У нее отличное тело, которым она прежде зарабатывала себе на жизнь. Теперь выяснилось, что всего заработанного хватит с лихвой на всю оставшуюся. Роза не вульгарная проститутка. У нее утонченная душа, не чуждая искусствам. Своей утонченной душой она заработала не меньше, чем телом. Может, даже гораздо больше, ведь красивых тел в избытке, а при наличии денег рано или поздно начинает хотеться чего-то еще.
Роза сидит в самом шикарном клубе города. Она пьет коньяк и курит сигарету с легким табаком. В голове у нее ни одной связной мысли. Ее взгляд отрешенно блуждает по залу.

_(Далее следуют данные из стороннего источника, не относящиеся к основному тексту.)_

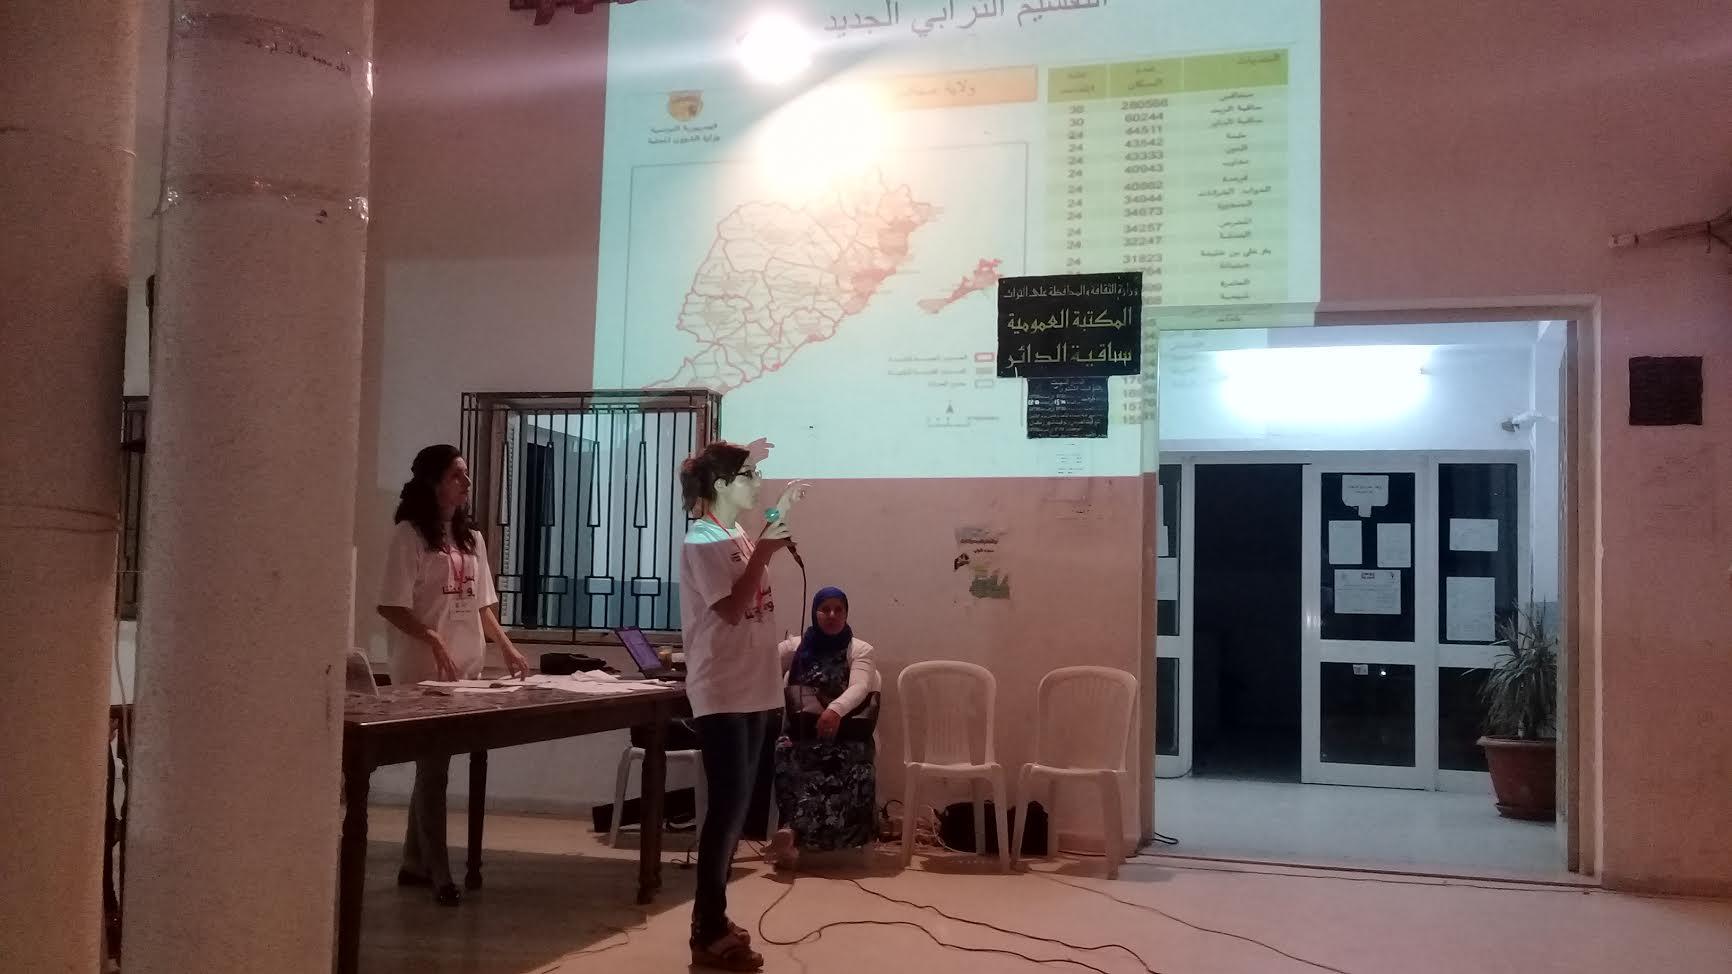 صفاقس: لقاء تحسيسي حول الانتخابات البلدية و الحوكمة المحلية

Завсегдатаев — раз-два и обчелся. Персонал сократился более чем на половину. Зато те, что остались, похоже, проводят в клубе дни и ночи. Им больше некуда деться. Роза это хорошо понимает. Она и сама чувствует себя так, словно из нее вынули потроха. Надутая воздухом, она готова плыть туда, куда подует ветер. Но, поскольку ветер не дует, она зависла на месте.
— Цветешь и пахнешь.
Голос за спиной. Она ощущает кожей дыхание мужчины. Это владелец клуба. Она несколько раз спала с ним. Ничего особенного, но им всегда есть о чем поговорить. Точнее, было. А теперь — посмотрим.
— Ждешь кого-нибудь?
Она криво ухмыляется и вместо ответа тычет наманикюренным когтем вверх. Туда, откуда приближается конец.
Виктор усаживается рядом с ней на полукруглый диван и раскуривает сигару. Он любит красивую жизнь и привык ни в чем себе не отказывать. Роза не сомневается, что и в день X он будет посасывать свою «Гавану», пока его «ролекс» будет отсчитывать последние минуты. Но не исключено, что она ошибается. Ситуация столь исключительна, что розы могут и не пахнуть розами.
И Виктор действительно удивляет ее. Мечтательно глядя в стену, он спрашивает:
— Что будешь делать, когда начнут стрелять?
— Допивать свой коньяк. Я за него заплатила.
— Можешь пить за счет заведения. С сегодняшнего дня у тебя неограниченный кредит… А знаешь, я и сам не прочь грохнуть напоследок парочку придурков.
Знакомая мысль. Роза думала об этом несколько дней назад. По телевизору она видела репортаж о парадоксальном снижении уровня преступности, хотя количество оставшихся в строю правоохранителей сократилось раз в десять. Но зато преступления, которые все-таки совершались, отличались необычайной, прямо-таки дьявольской жестокостью и громадным числом жертв. Например, один тихий бухгалтер зарубил топором всех тех, кто доставал его предшествующие двадцать лет и, видимо, как следует достал. Таких набралось двадцать восемь человек, включая жену, тещу, соседей, сослуживцев, начальника и — непонятно почему — продавца газет из ближайшего киоска. Вполне вероятно, бухгалтер этим не ограничился бы, не окажись на его пути парня с пушкой, который и поставил жирную точку на лбу народного мстителя.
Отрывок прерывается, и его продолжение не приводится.